Disclosure of Invention
To address the problems in the related art, embodiments of the present disclosure provide methods and apparatus for simulating anal sphincter complex stress.
In a first aspect, embodiments of the present disclosure provide a method of simulating anal sphincter complex stress comprising:
constructing an anal sphincter complex model based on pelvic CT data and anal sphincter complex muscle group MR data, wherein the anal sphincter complex model comprises an anal sphincter complex circular hole;
acquiring the anal sphincter complex model in a finite element simulation system;
creating an analytical rigid body in the finite element simulation system, the analytical rigid body comprising a cylindrical portion and a hemispherical portion connected to the cylindrical portion;
and enabling the analysis rigid body to pass through the circular hole of the anal sphincter complex in the finite element simulation system to obtain the stress of the anal sphincter complex.

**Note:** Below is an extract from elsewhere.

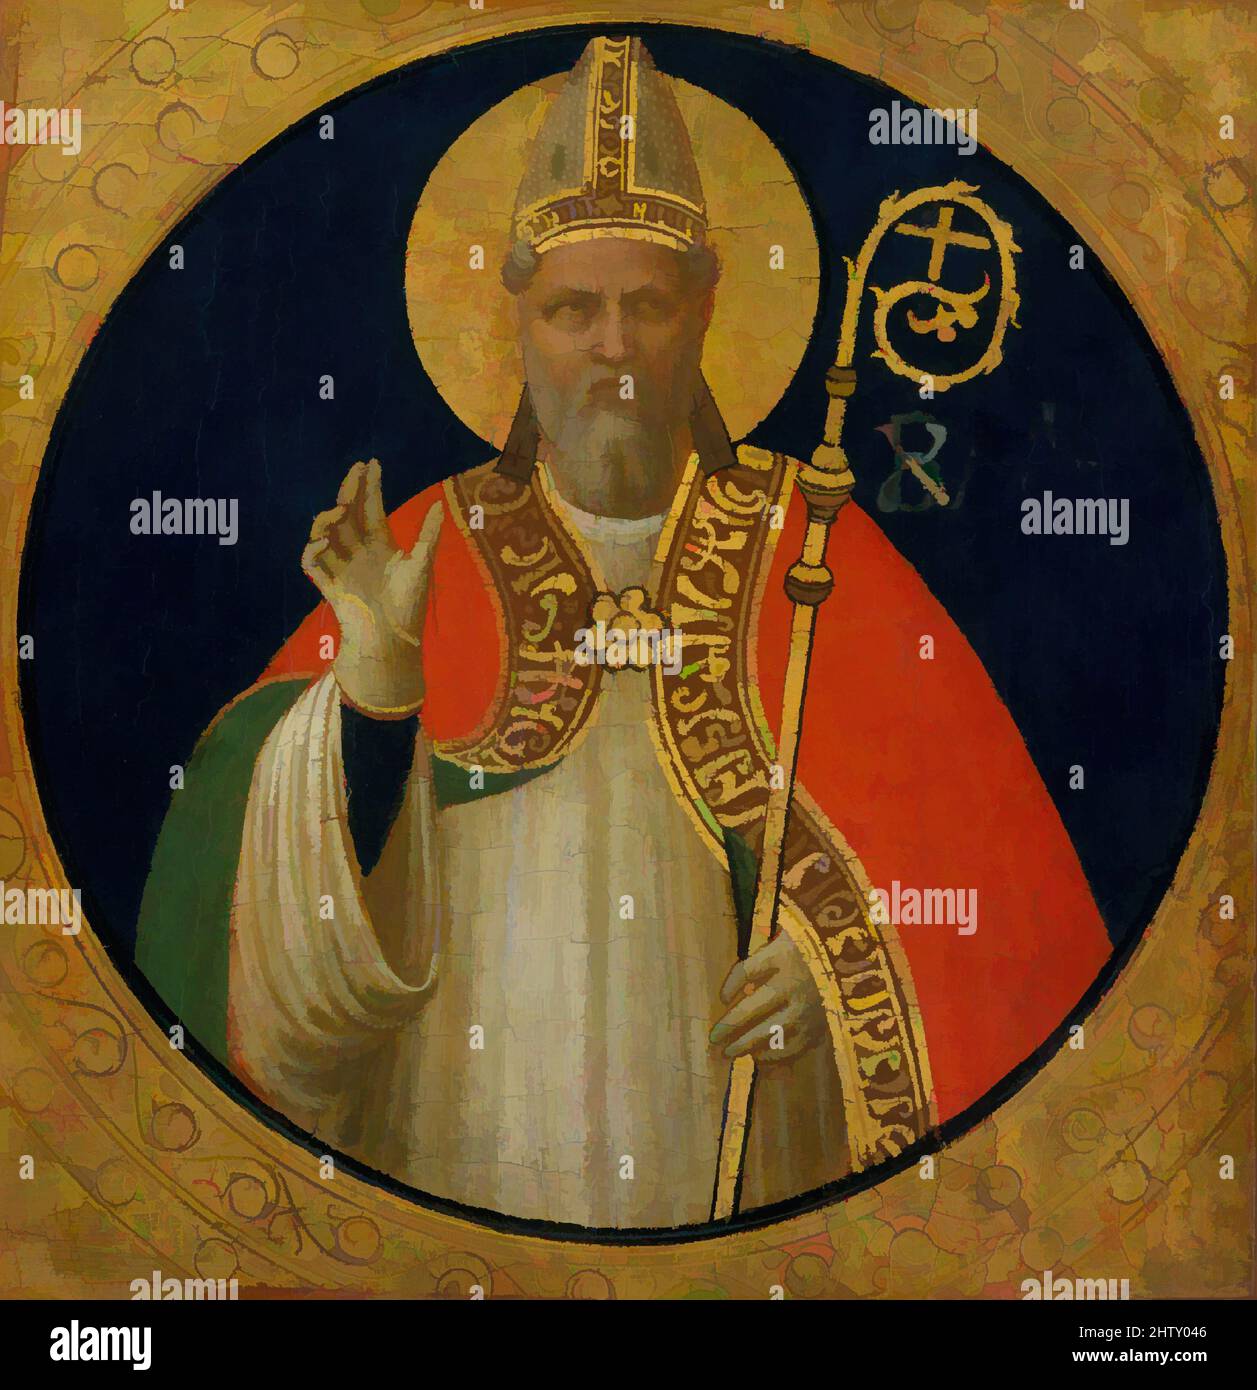 Art inspired by A Bishop Saint, ca. 1425, Tempera on wood, gold ground, Overall 6 1/4 x 6 1/8 in. (15.9 x 15.6 cm); diameter of roundel 5 7/8 in. (14.9 cm), Paintings, Fra Angelico (Guido di Pietro) (Italian, Vicchio di Mugello ca. 1395–1455 Rome), This early work by Fra Angelico dates, Classic works modernized by Artotop with a splash of modernity. Shapes, color and value, eye-catching visual impact on art. Emotions through freedom of artworks in a contemporary way. A timeless message pursuing a wildly creative new direction. Artists turning to the digital medium and creating the Artotop NFT Stock Photo
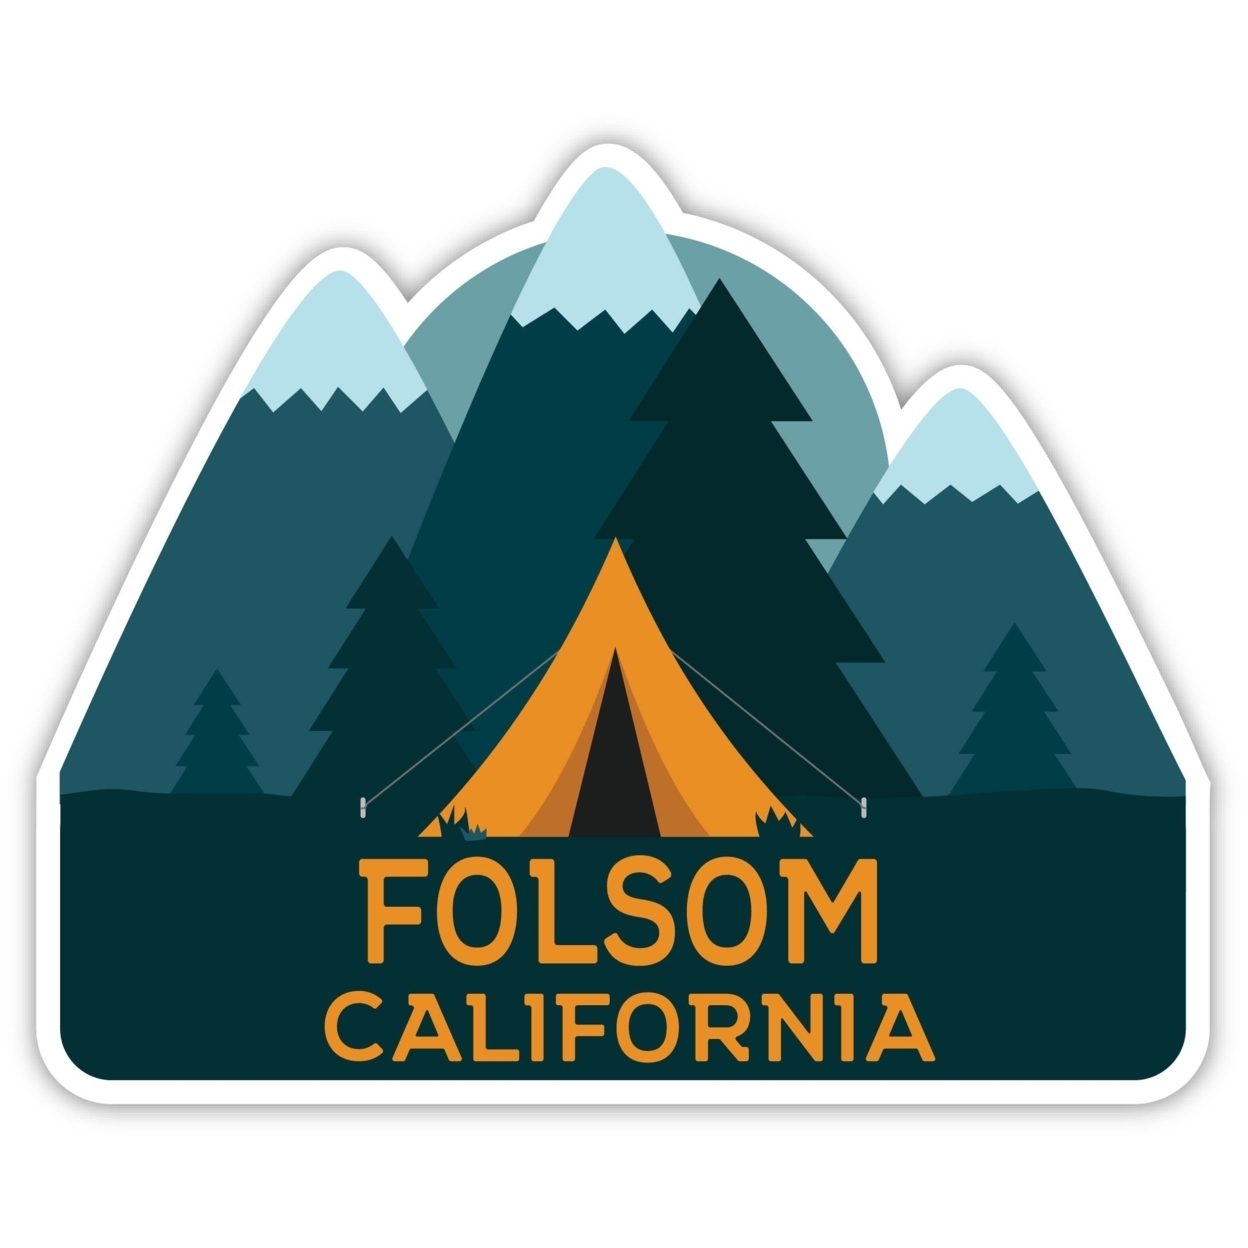 Folsom California Souvenir Decorative Stickers (Choose Theme And Size) - 4-Pack, 2-Inch, Bear

With reference to the first aspect, in a first implementation manner of the first aspect, the diameter of the cylindrical portion and the hemispherical portion of the analytical rigid body is 13mm-15mm.
With reference to the first aspect, in a second implementation manner of the first aspect, the elastic modulus of the analytical rigid body is 0.95KPa, the poisson ratio is 0.45, and the density is 1.12e -9 Kg/mm 3 。
With reference to any one of the first aspect, the first implementation manner of the first aspect, and the second implementation manner of the first aspect, in a third implementation manner of the first aspect, before passing the analytical rigid body through the anal sphincter complex circular hole in the finite element simulation system, the method further includes:
converting the anal sphincter complex model and the analytical rigid body into an instance in the finite element simulation system;
in the finite element simulation system, the anal sphincter complex model and the analysis rigid body are positioned at adjacent positions, the analysis rigid body is a contact main surface, the anal sphincter complex is negative in contact, the contact attribute is friction contact, and the contact type is surface-to-surface contact;
boundary conditions are defined in the finite element simulation system, constraining six degrees of freedom on both sides of the anal sphincter complex.
With reference to any one of the first aspect, the first implementation manner of the first aspect, and the second implementation manner of the first aspect, in a fourth implementation manner of the first aspect, before passing the analytical rigid body through the anal sphincter complex circular hole in the finite element simulation system, the method further includes:
and meshing the anal sphincter complex, wherein the mesh attribute is a tetrahedral freeform mesh, and the cell type of the mesh is an explicit nonlinear cell type.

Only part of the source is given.